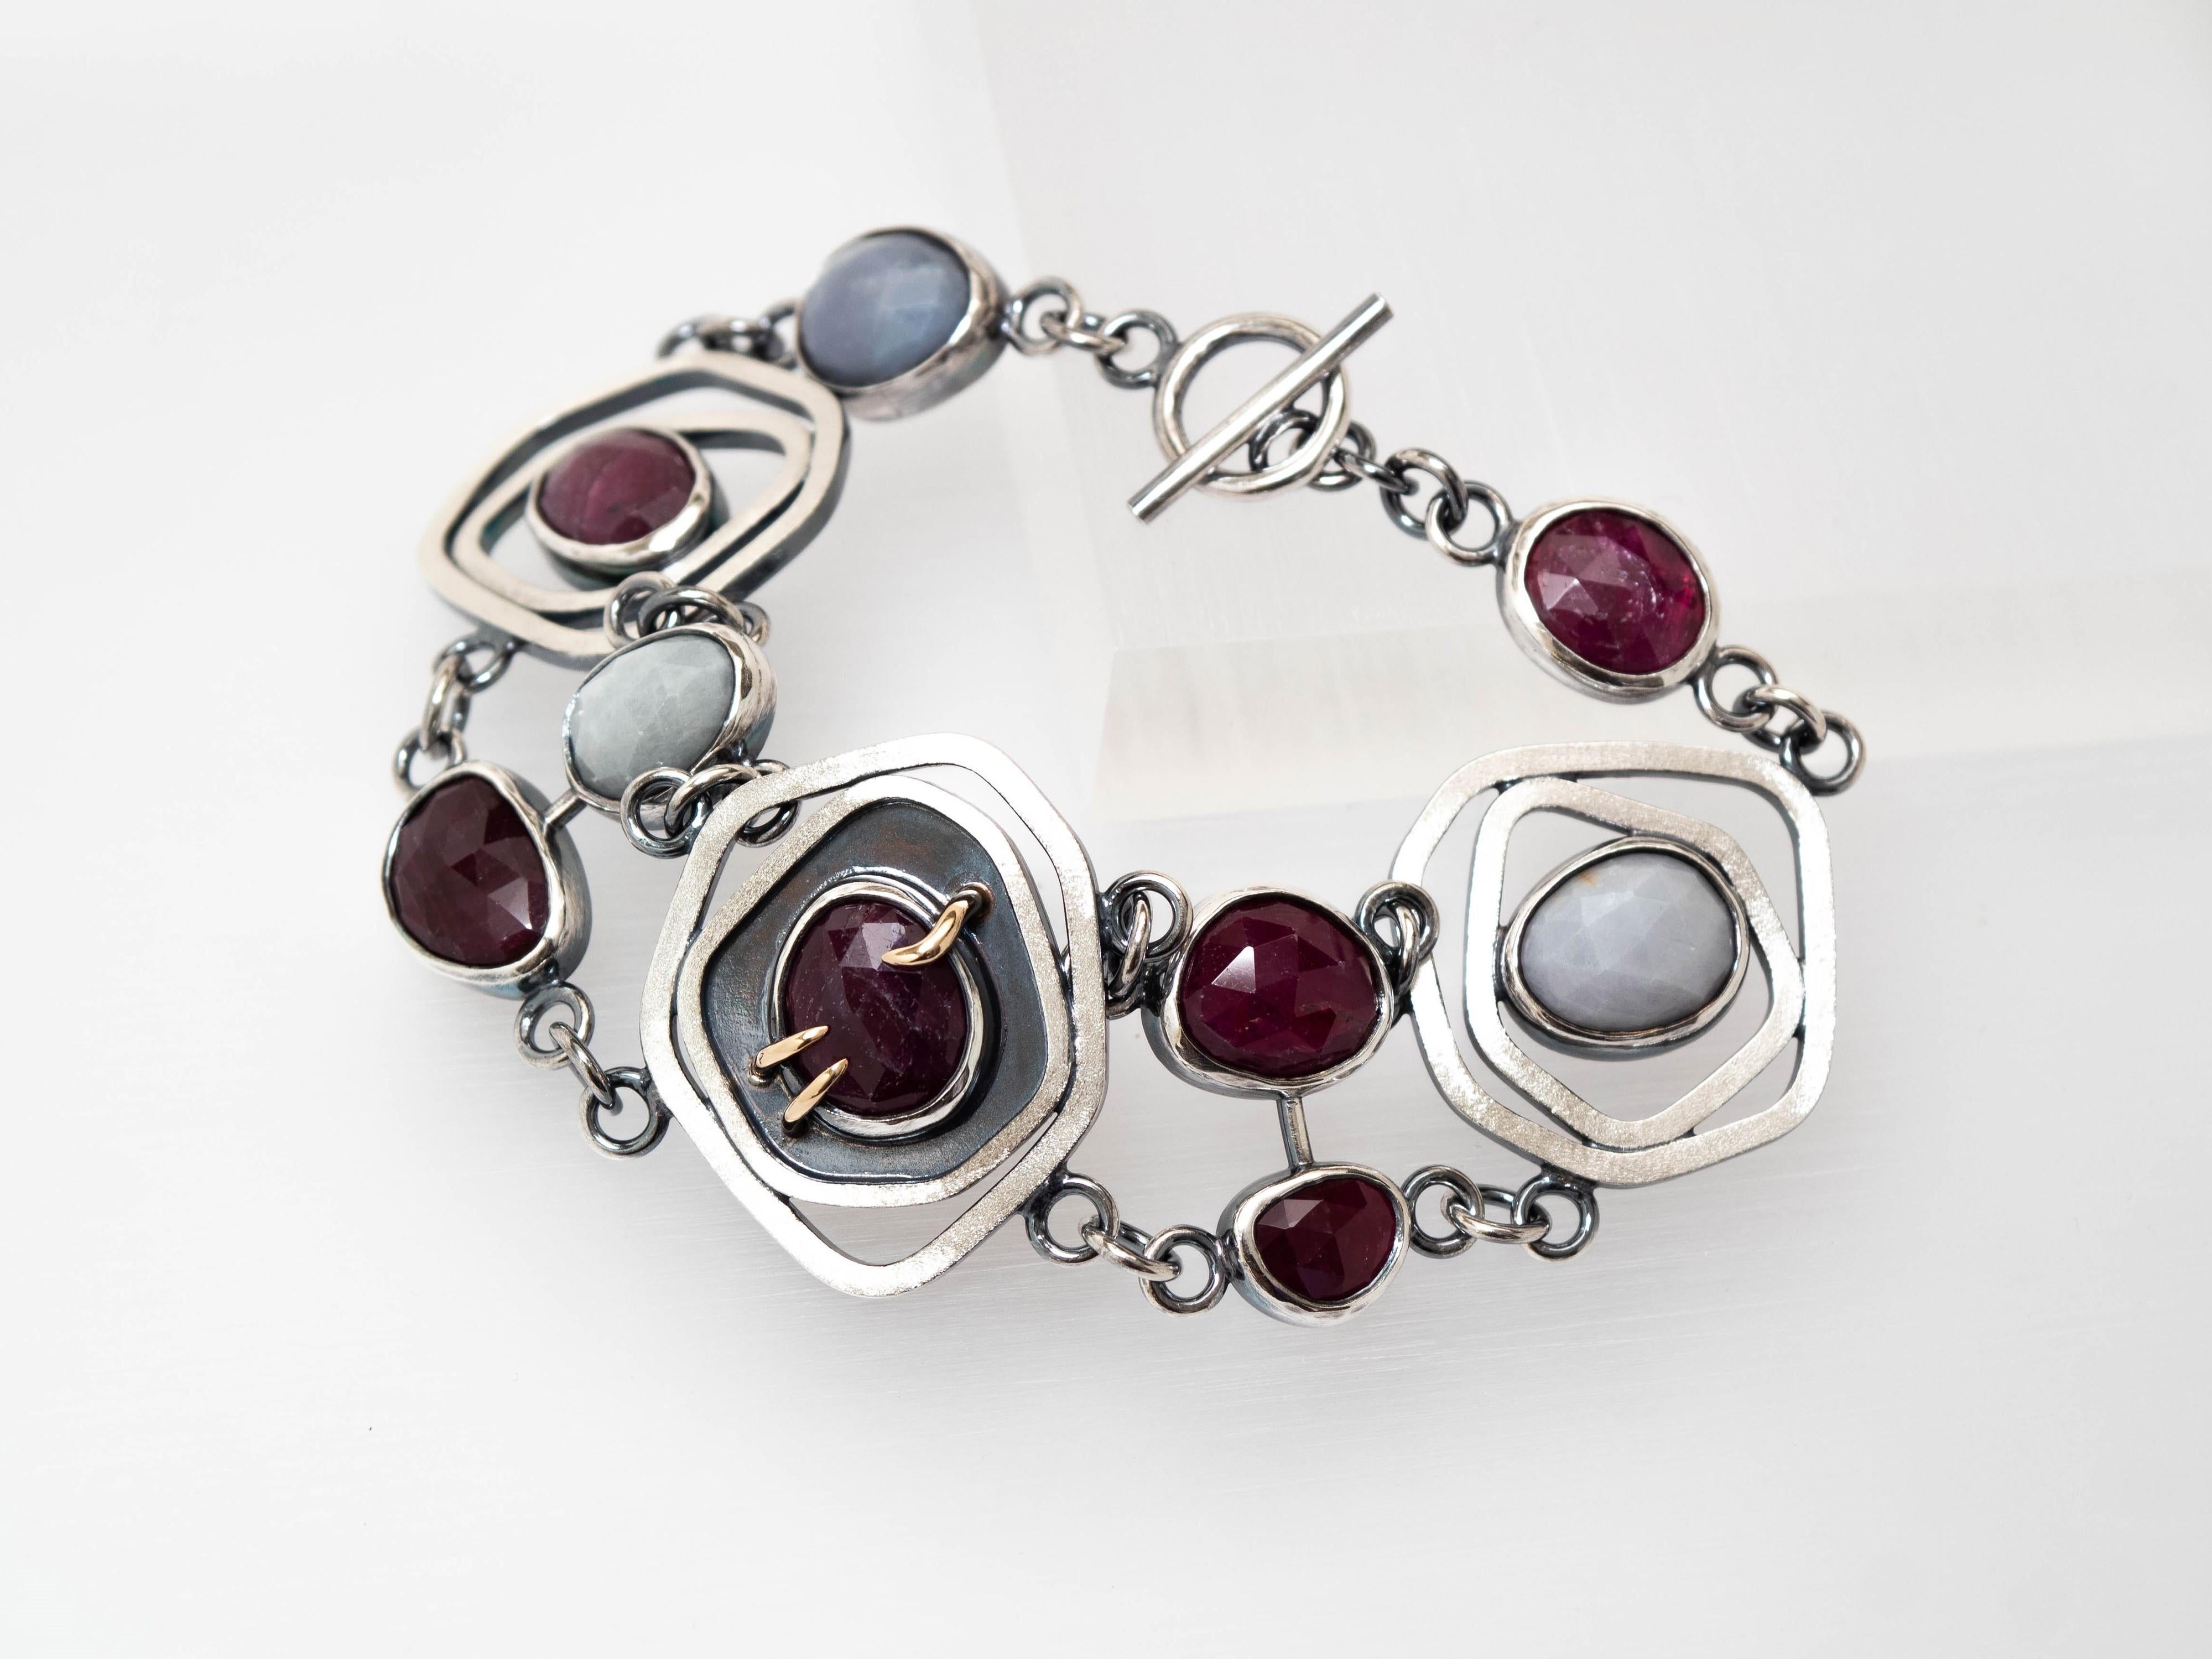 Priestess Ruby Sapphire 14K Sterling Silver Bracelet by TIN HAUS.

The essence of the Priestess Bracelet was inspired by the High Priestess tarot card. The High Priestess is a card of mystery, divinity, contemplation, and stillness that suggests
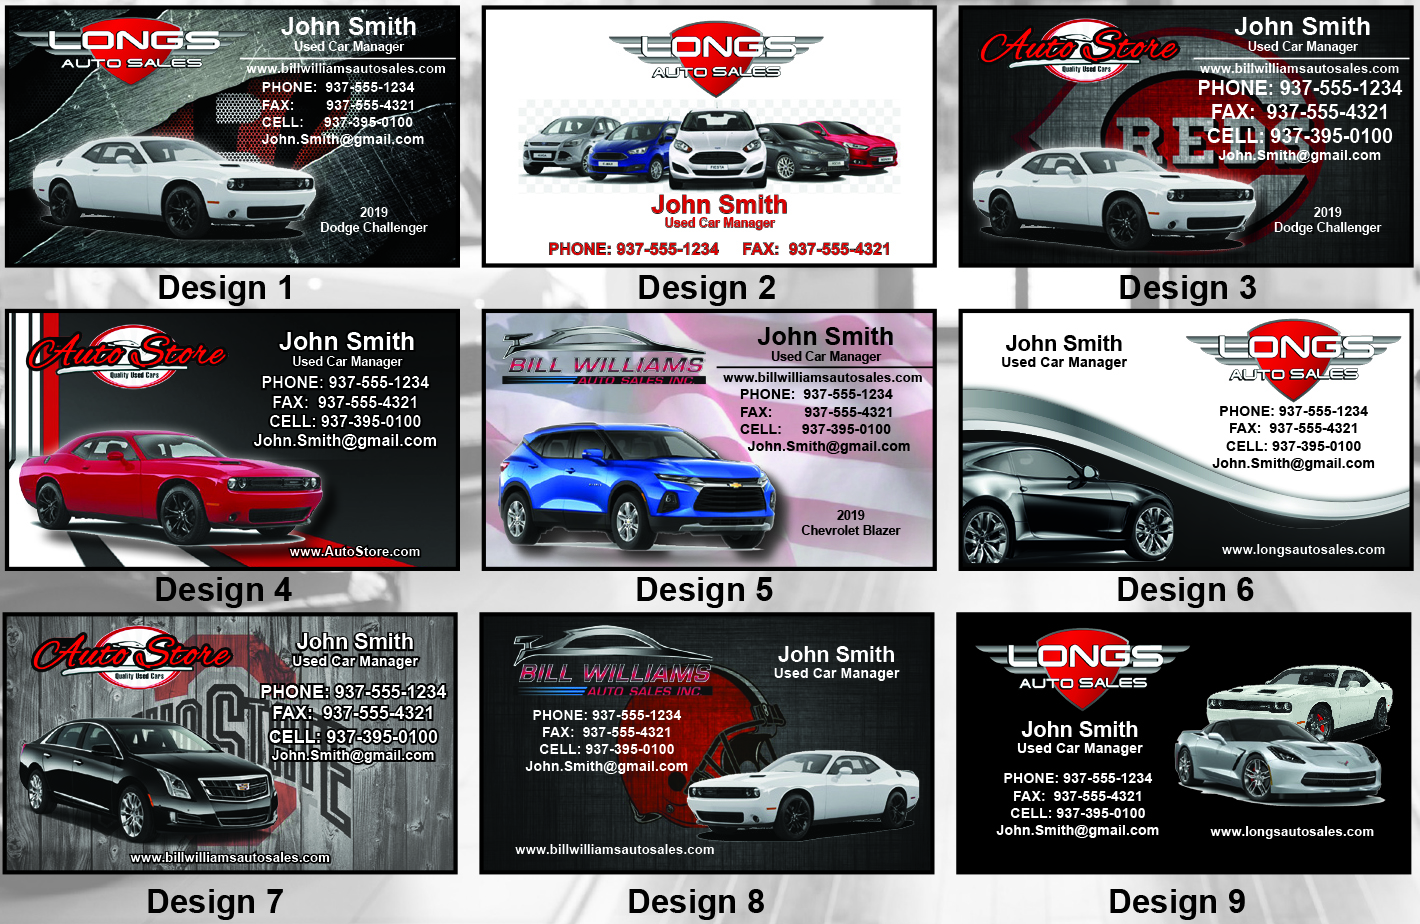 Printed Auto Dealership Business Cards
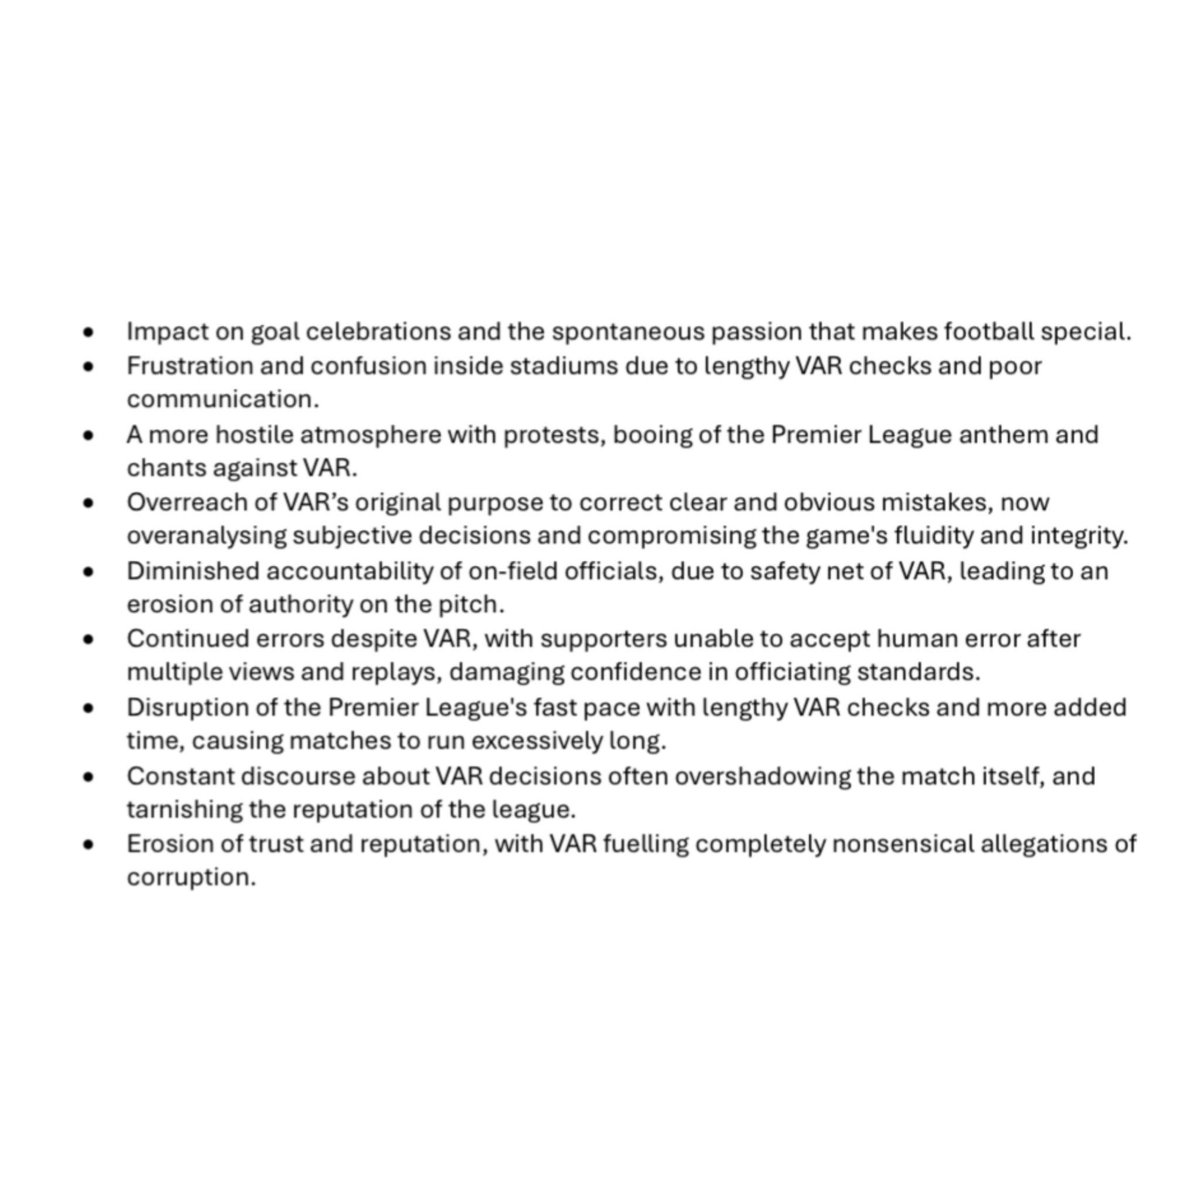 The reasons included in Wolves’ official statement highlighting why they’re requesting a vote on the removal of VAR in the Premier League.

PROBLEM. Repeat the listing above exactly from its first line to the line containing "Printed Auto Dealership Business Cards", both included, and omit the pictures.

SOLUTION TO THIS EXERCISE.
 Priestess Ruby Sapphire 14K Sterling Silver Bracelet by TIN HAUS.

The essence of the Priestess Bracelet was inspired by the High Priestess tarot card. The High Priestess is a card of mystery, divinity, contemplation, and stillness that suggests
 Printed Auto Dealership Business Cards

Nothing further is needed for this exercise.